Another important aspect of MySpace, and one that hits close to home for me, is its use as a promotional tool for bands. In the interest of full disclosure, my band does have a MySpace page. We didn't for a long time, mostly because I was uncomfortable with it, but I'm okay with it because, from what I understand, it helps as a communication tool when you’re working on booking a tour for yourself. To be honest, the fact that everyone uses it and that’s what makes it such a useful tool turns me off to it even more, but that’s just my difficult personality showing through. Since I’m not the one doing most of the booking, I leave it to the bandmate who is doing that to make the decision on MySpace.

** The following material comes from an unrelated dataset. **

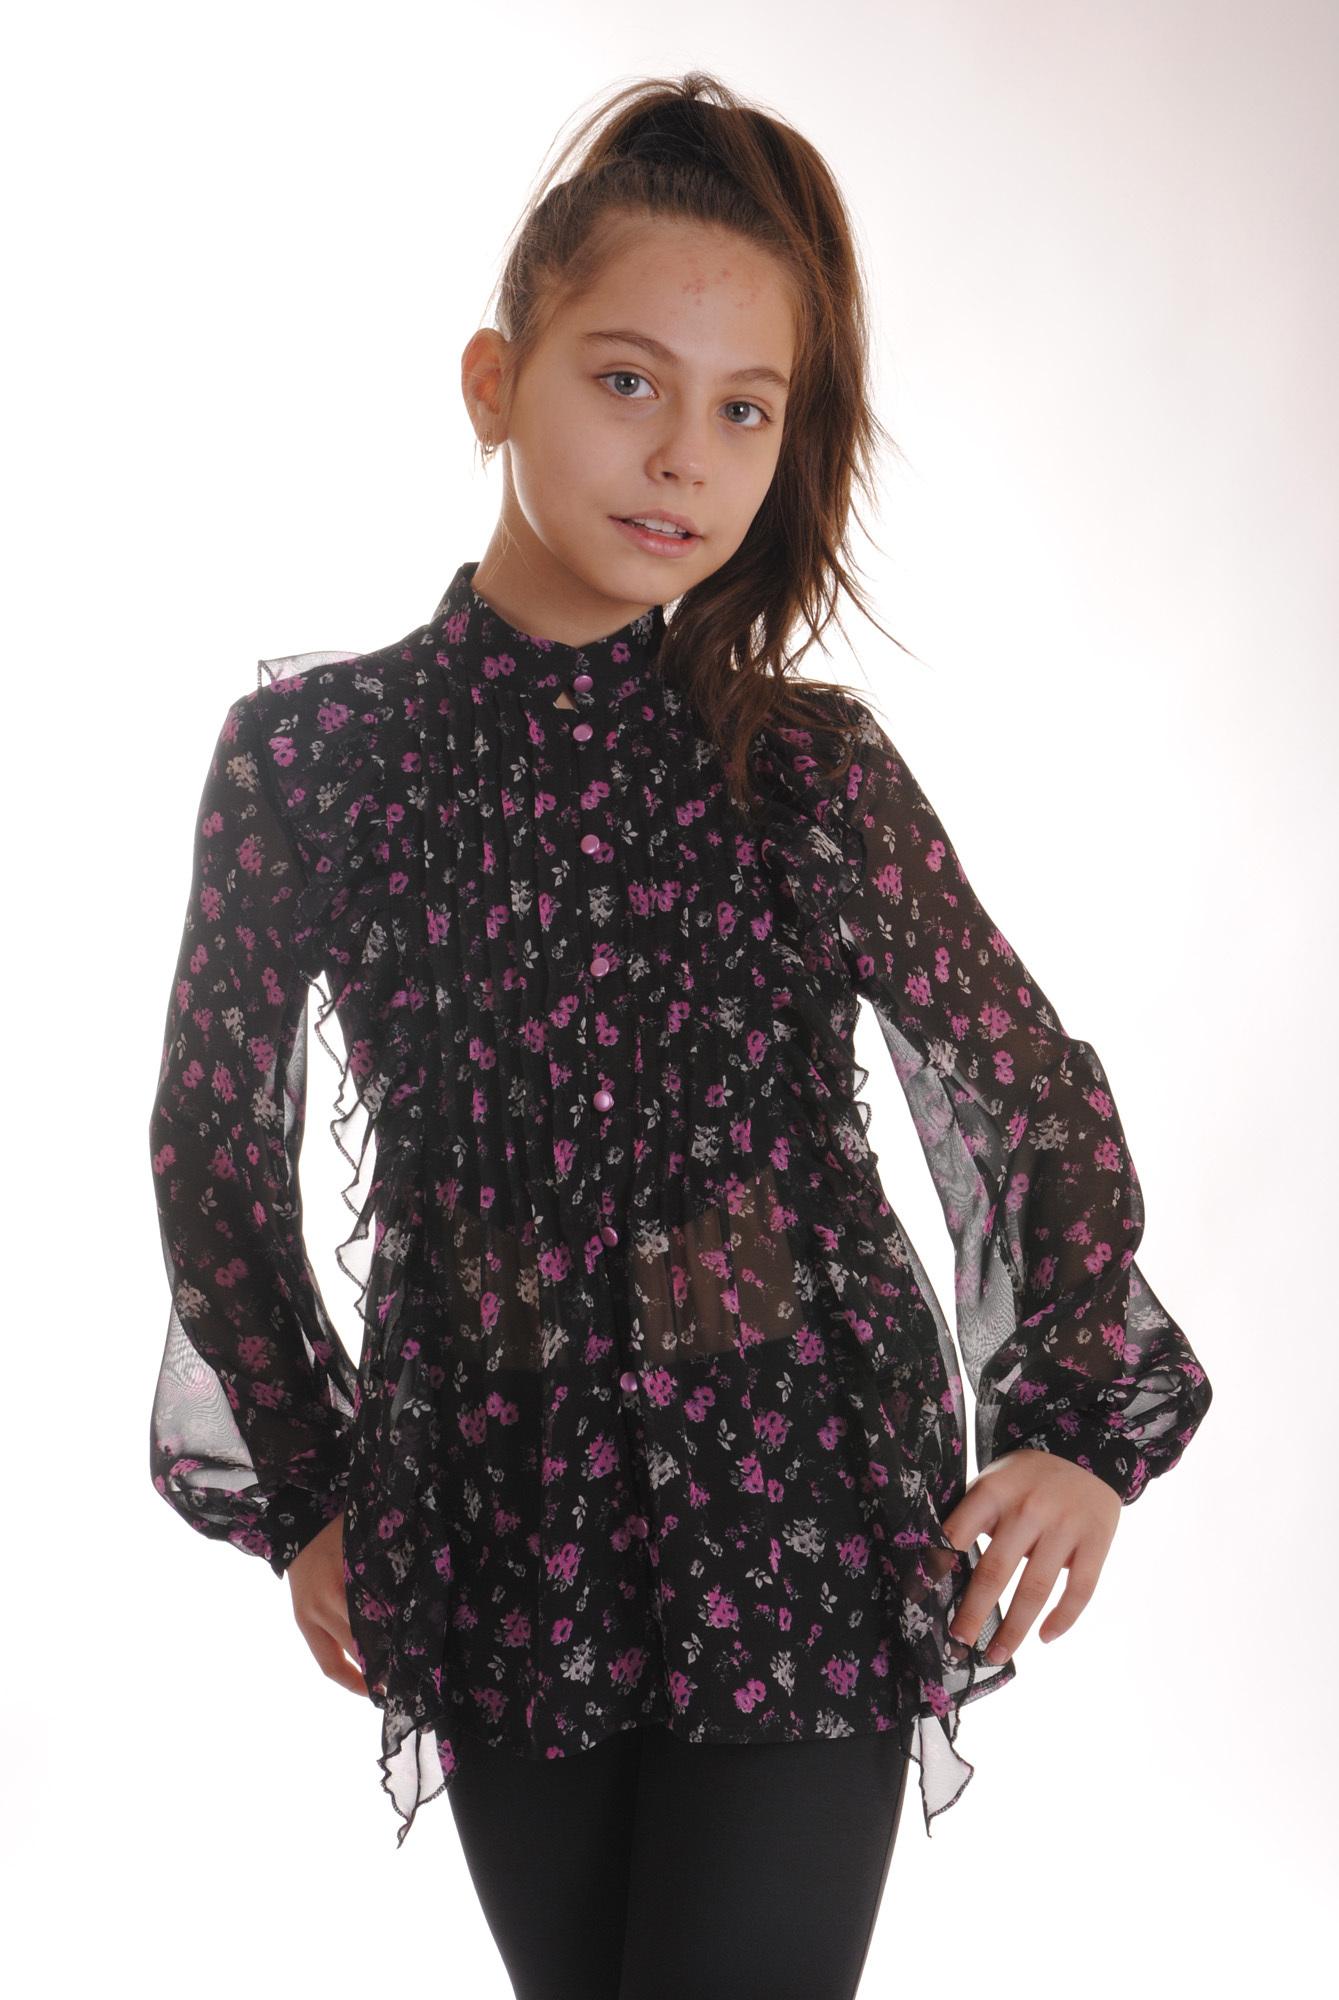 Нарядные блузки 2012 фото - Все о моде

Despite the fact that it eases communication both between fans and bands and between promoters and bands, I don’t necessarily buy MySpace as a positive development for DIY music communities. I look at it as comparable to the rise of the CD-R and low-priced computer-based recording equipment and software: these are things that make it easier for bands to promote themselves, which is nice but as a result they’ve also clouded the field so far as bands are concerned. When every band with a month of practicing and no shows under their belt has a MySpace page (since it’s free) and a CD-R of poorly-recorded music (since Dad bought them a couple mics and they have Garage Band on their Ibook), people (labels, local music writers, promoters, potential fans) have that much more to wade through in order to get to the bands that actually care, have put considerable work into what they’re doing, and will be around in another month. (Note that I don’t mean to be an elitist asshole and discount those bands’ efforts – just to say that, while month-long high school bands are excellent formative experiences, so many won’t last enough to be worth a second look for most people.)
As far as an exploration that isn't a full-fledged essay goes, I think I've covered the bases I hoped to. I think, as noted, boyd is correct technically in her assessment of why MySpace does better for itself than Friendster did and why MySpace will likely soldier on where other sites have failed. But I also think that she skims over the more important questions (which she brings up quickly then discounts as not mattering, because what matters in the context of her argument is what “kids” care about, and having a more complete palette of ways in which to express their existence isn't something “kids” care about.) I think the abstractdynamics guys bring a good point to the table in exploring what's done with all the data that's gathered on MySpace. But I also think they neglect to explore (in that post at least) what we as MySpace users do with that data ourselves, which is the biggest threat in my eyes.
I'm sure I've left things out of this, so ask questions/make points in the comments section if there's something important that you think I neglect or have wrong, of course. Also, I fully admit to being overly naive and idealistic and theoretical in ways.